Source material ::
● ● ● ● ●

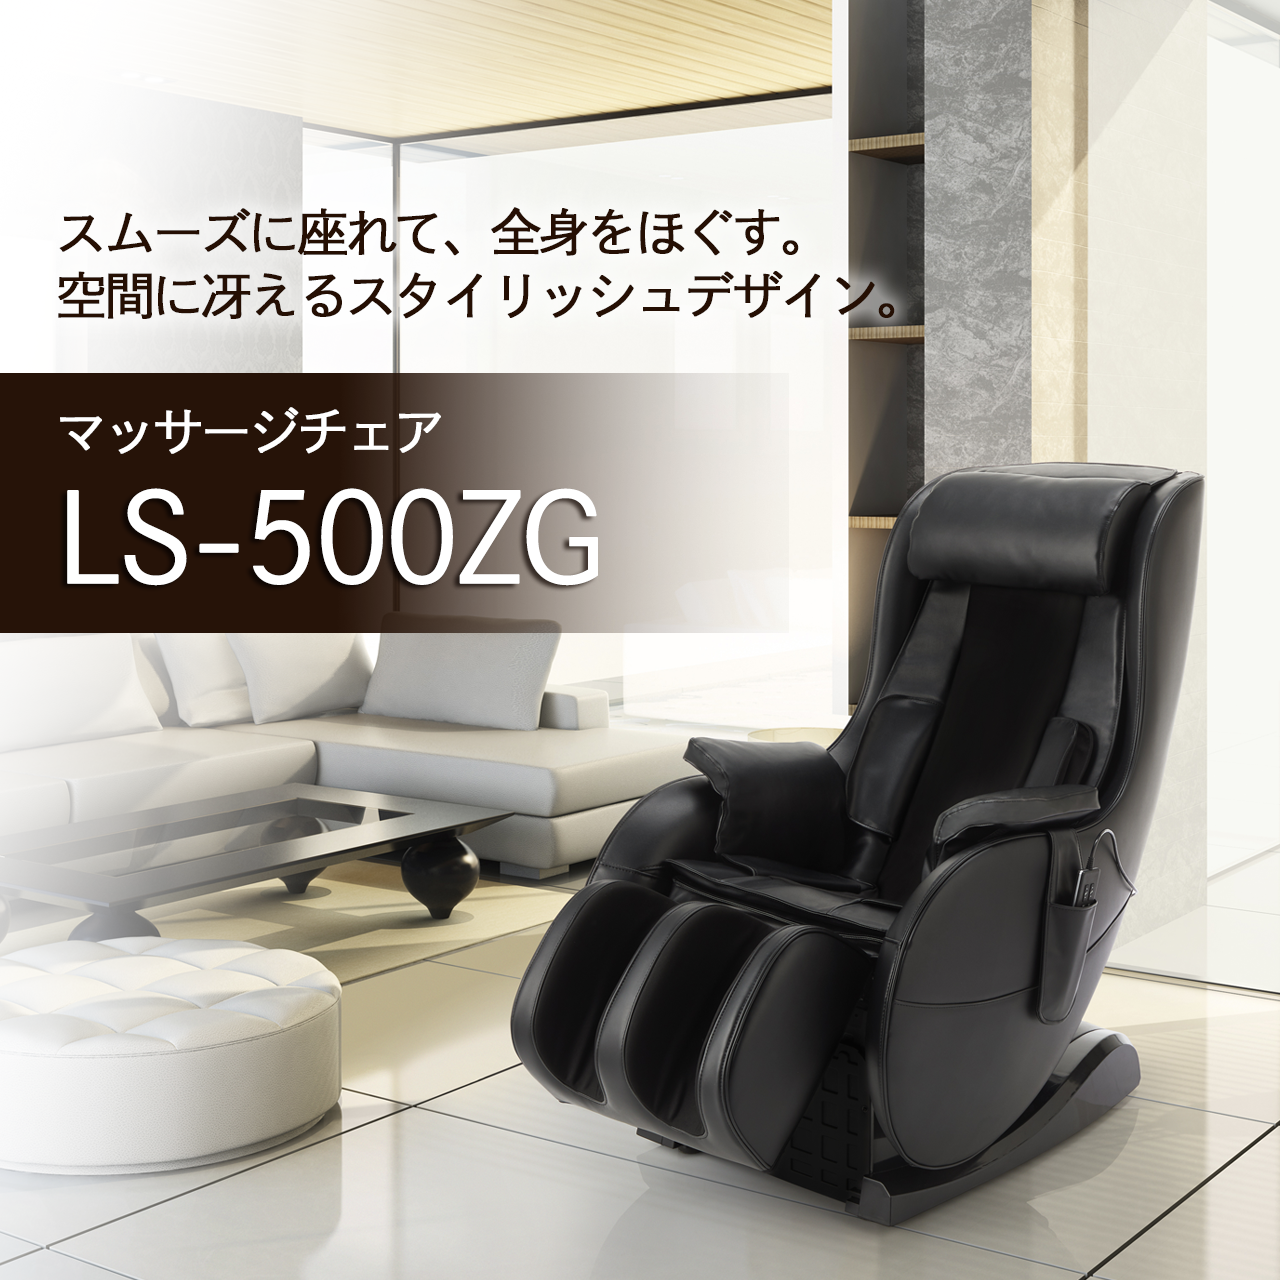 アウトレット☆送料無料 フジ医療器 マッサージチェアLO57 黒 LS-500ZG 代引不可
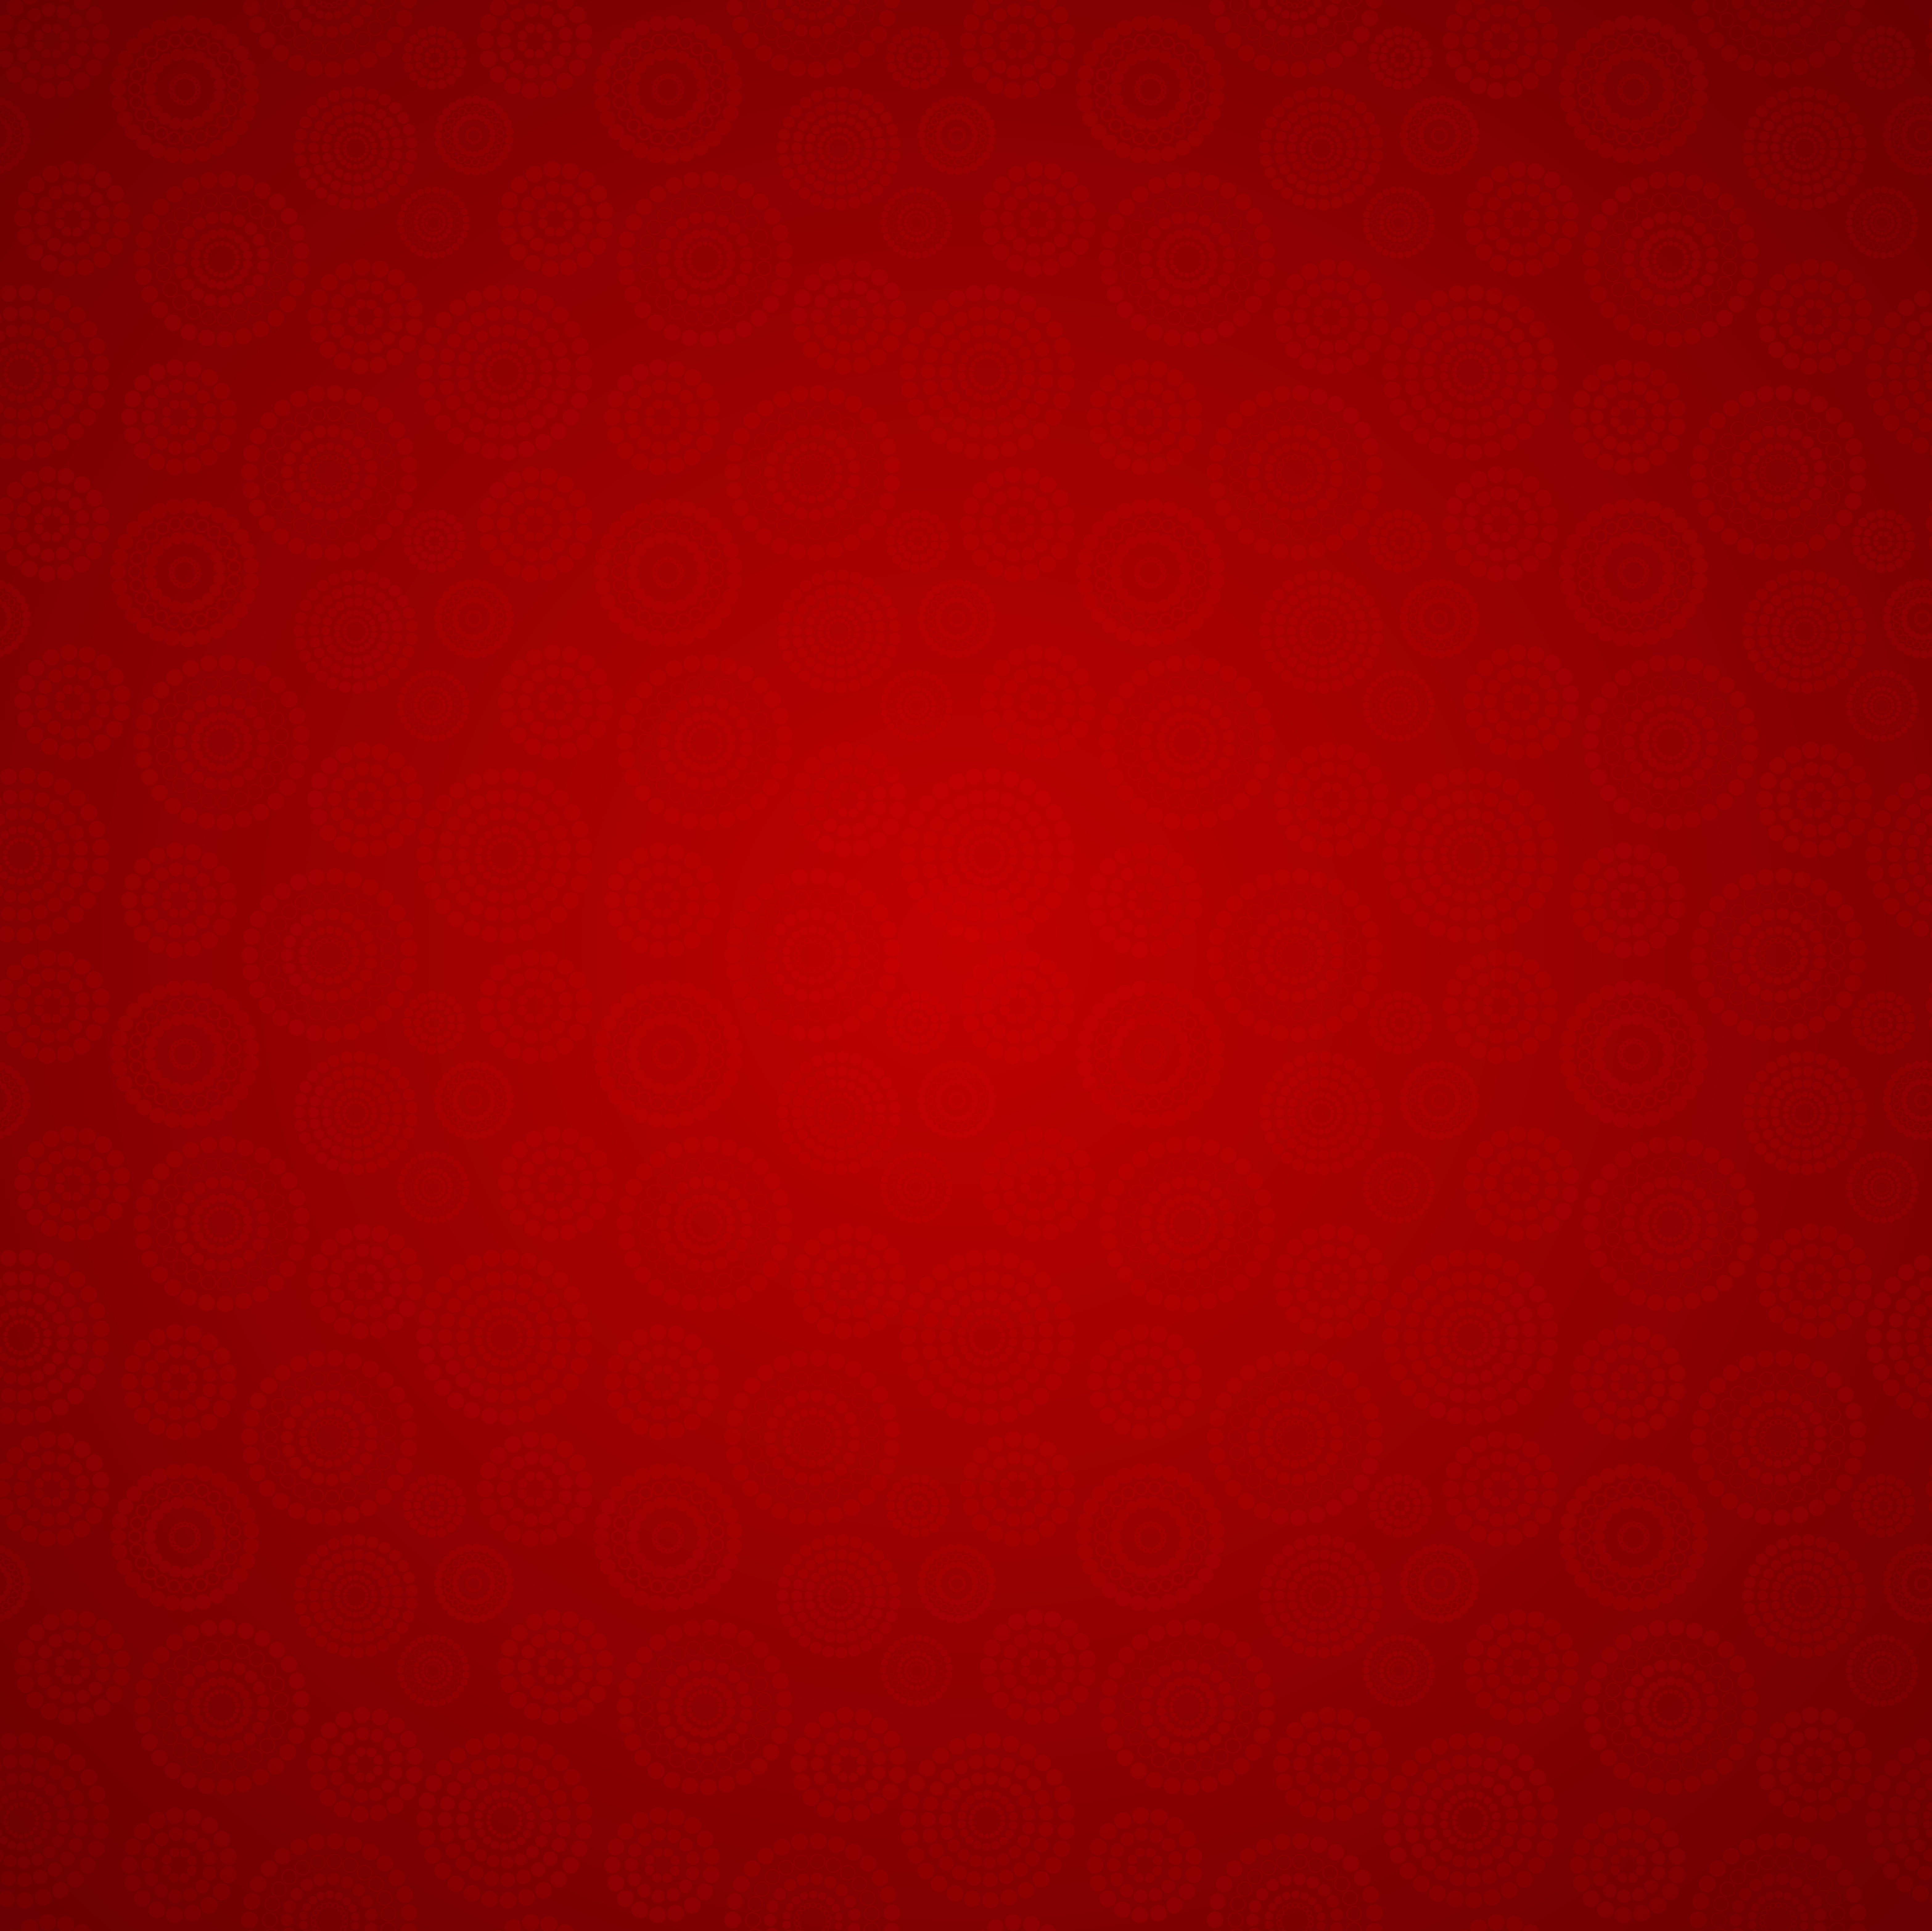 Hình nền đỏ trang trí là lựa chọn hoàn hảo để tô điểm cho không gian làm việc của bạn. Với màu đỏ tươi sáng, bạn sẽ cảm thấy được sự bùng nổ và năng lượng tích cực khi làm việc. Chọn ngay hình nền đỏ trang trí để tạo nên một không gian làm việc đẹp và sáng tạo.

● ● ● ● ●

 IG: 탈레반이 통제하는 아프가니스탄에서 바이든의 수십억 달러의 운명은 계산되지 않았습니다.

● ● ● ● ●

Although the records above contain pictures, the copy should not; retype exactly the lines from the one containing "アウトレット☆送料無料 フジ医療器 マッサージチェアLO57" through the one containing "Hình nền đỏ trang trí là".

 アウトレット☆送料無料 フジ医療器 マッサージチェアLO57 黒 LS-500ZG 代引不可
 Hình nền đỏ trang trí là lựa chọn hoàn hảo để tô điểm cho không gian làm việc của bạn. Với màu đỏ tươi sáng, bạn sẽ cảm thấy được sự bùng nổ và năng lượng tích cực khi làm việc. Chọn ngay hình nền đỏ trang trí để tạo nên một không gian làm việc đẹp và sáng tạo.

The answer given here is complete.